Under such circumstances it may easily be conceived that disputes continually happen. If a Sheikh from the protecting tribes comes to the convent to demand coffee, sugar, or clothing, and is not well satisfied with what he receives, he immediately becomes the enemy of the monks, lays waste some of their gardens, and must at last be gained over by a present. The independent state of the Bedouins of Sinai had long prevented the monks from endeavouring to obtain protection from the government of Egypt, whose power in the peninsula being trifling, they would only by complaining have exasperated the Bedouins against them; their differences therefore had hitherto been accommodated by the mediation of other Sheikhs. It was not till 1816 that they solicited the protection of Mohammed Ali; this will secure them for the present against their neighbours; but it will, probably, as I told the monks, be detrimental to them in the end. Ten or twenty dollars were sufficient to pacify the fiercest Bedouin, but a Turkish governor will demand a thousand for any effectual protection.

The Arabs, when discontented, have sometimes seized a monk in the mountains and given him a severe beating, or have thrown stones or fired their musquets into the convent from the neighbouring heights; about twenty years ago a monk was killed by

[p.556] them.

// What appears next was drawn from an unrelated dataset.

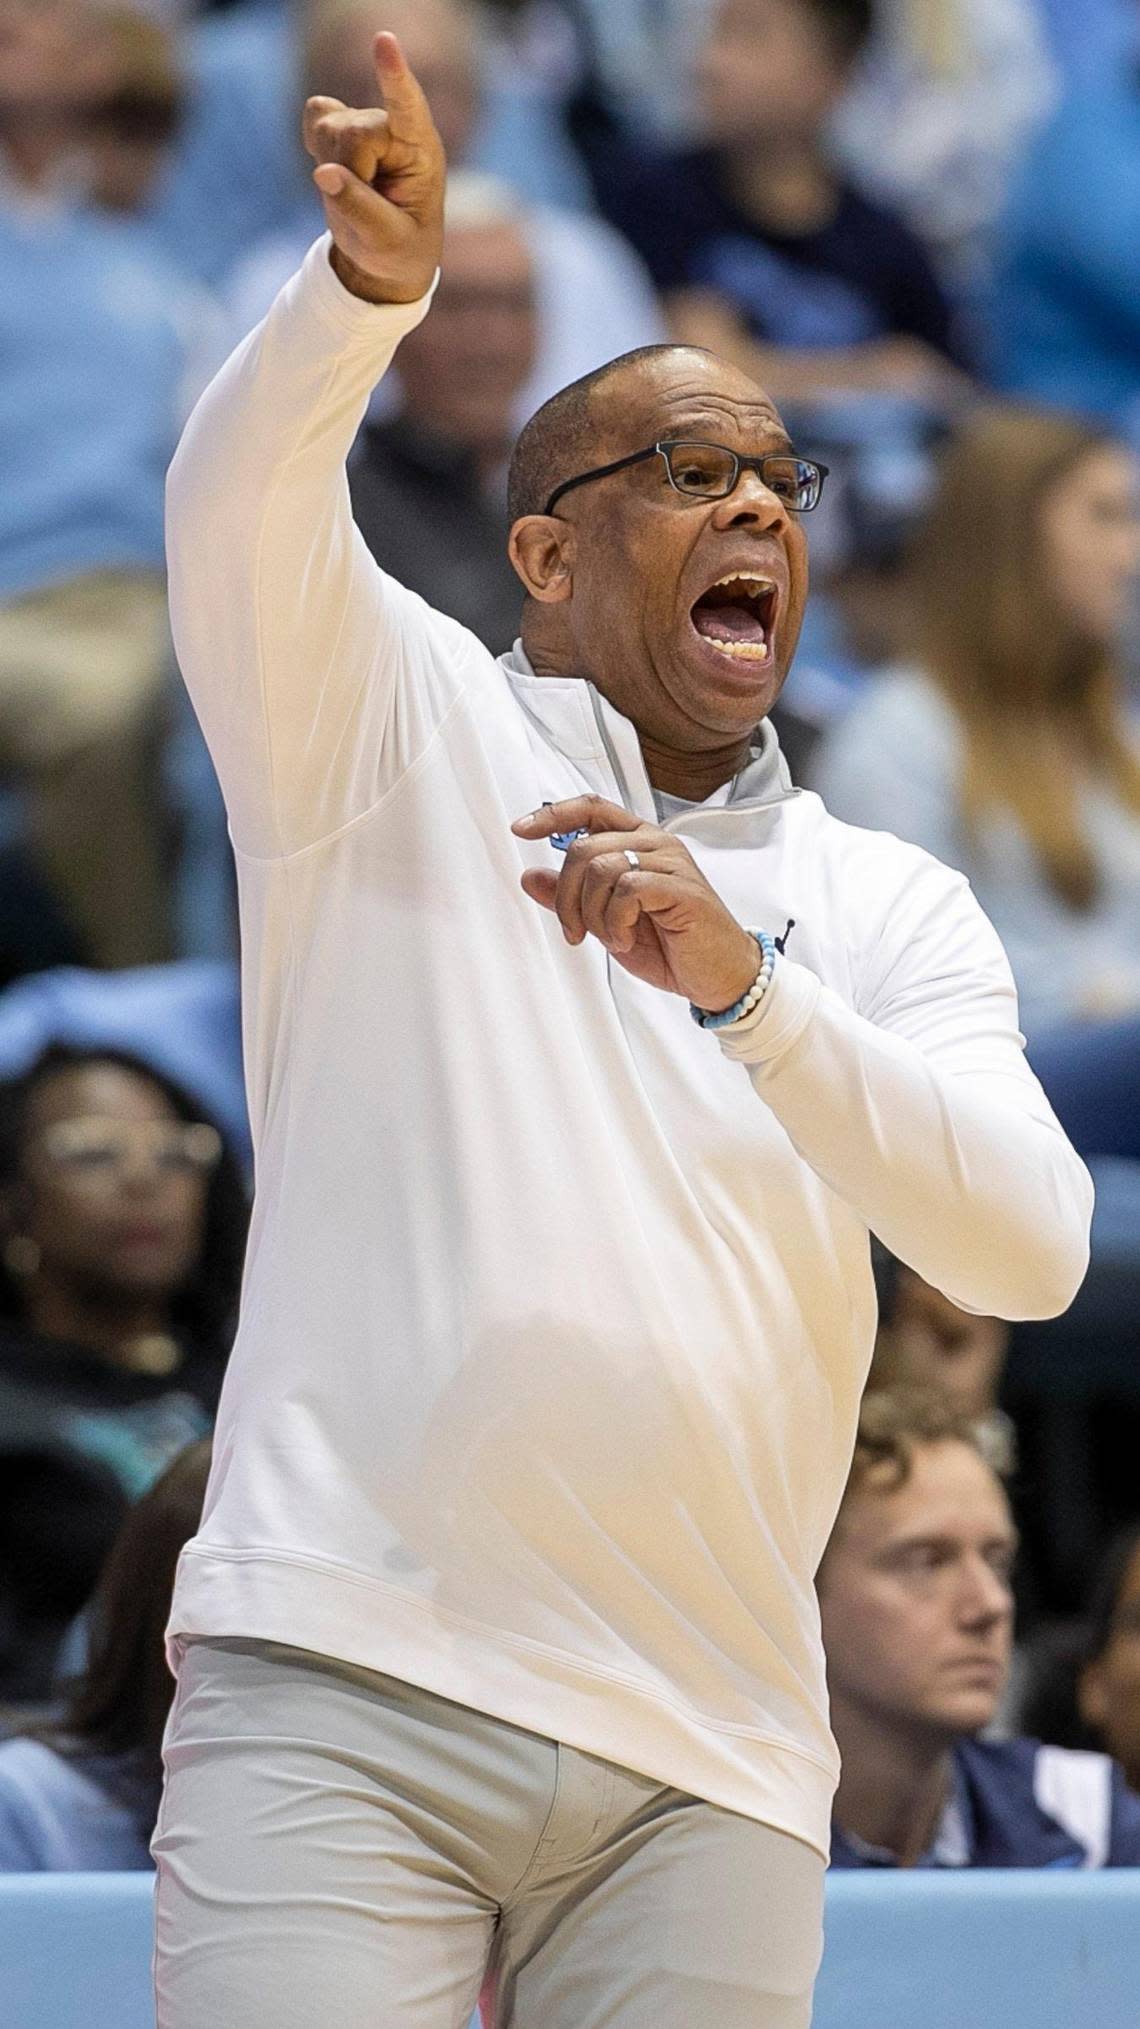 North Carolina coach Hubert Davis directs his team in the second half against James Madison on Sunday, November 20, 2022 at the Smith Center in Chapel Hill, N.C.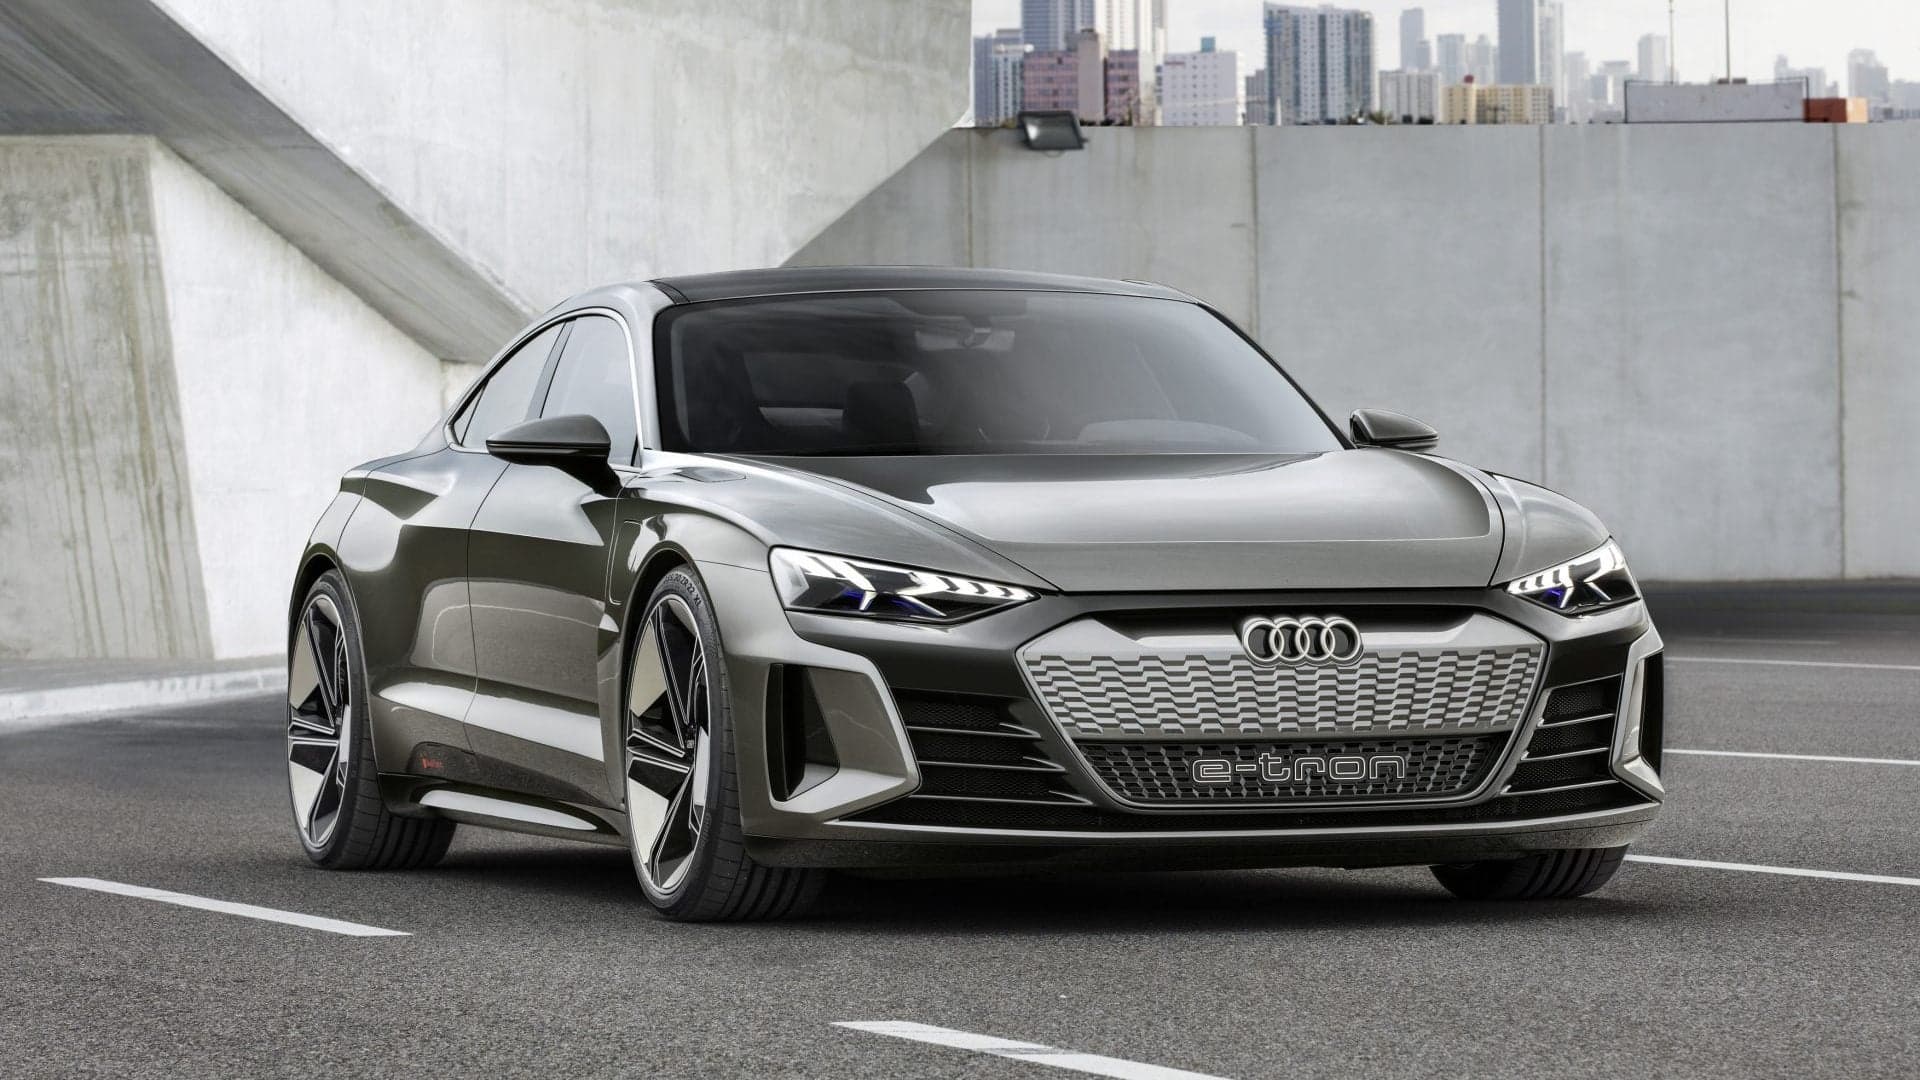 Watch the Gorgeous Audi E-Tron GT Drive Under Its Own Power

The monks, in their turn, have fired occasionally upon the Bedouins, for they have a well furnished armory, and two small cannon, but they take great care never to kill any one. And though they dislike such turbulent neighbours, and describe them to strangers as very devils, yet they have sense enough to perceive the advantages which they derive from the better traits in the Bedouin character, such as their general good faith, and their placability. “If our convent,” as they have observed to me, “had been subject to the revolutions and oppressions of Egypt or Syria, it would long ago have been abandoned; but Providence has preserved us by giving us Bedouins for neighbours.”

Notwithstanding the greediness of the Bedouins, I have reason to believe that the expenses of the convent are very moderate. Each monk is supplied annually with two coarse woollen cloaks, and no splendour is any where displayed except in the furniture of the great church, and that of the Archbishop’s room. The supplies are drawn from Egypt; but the communication by caravans with Cairo is far from being regular, and the Ikonómos assured me that at the time I was there the house did not contain more than one month’s provision.

The yearly consumption of corn is about one hundred and sixty Erdebs, or two thousand five hundred bushels, which is sufficient to cover all the demands of the Bedouins, and I believe that £1000.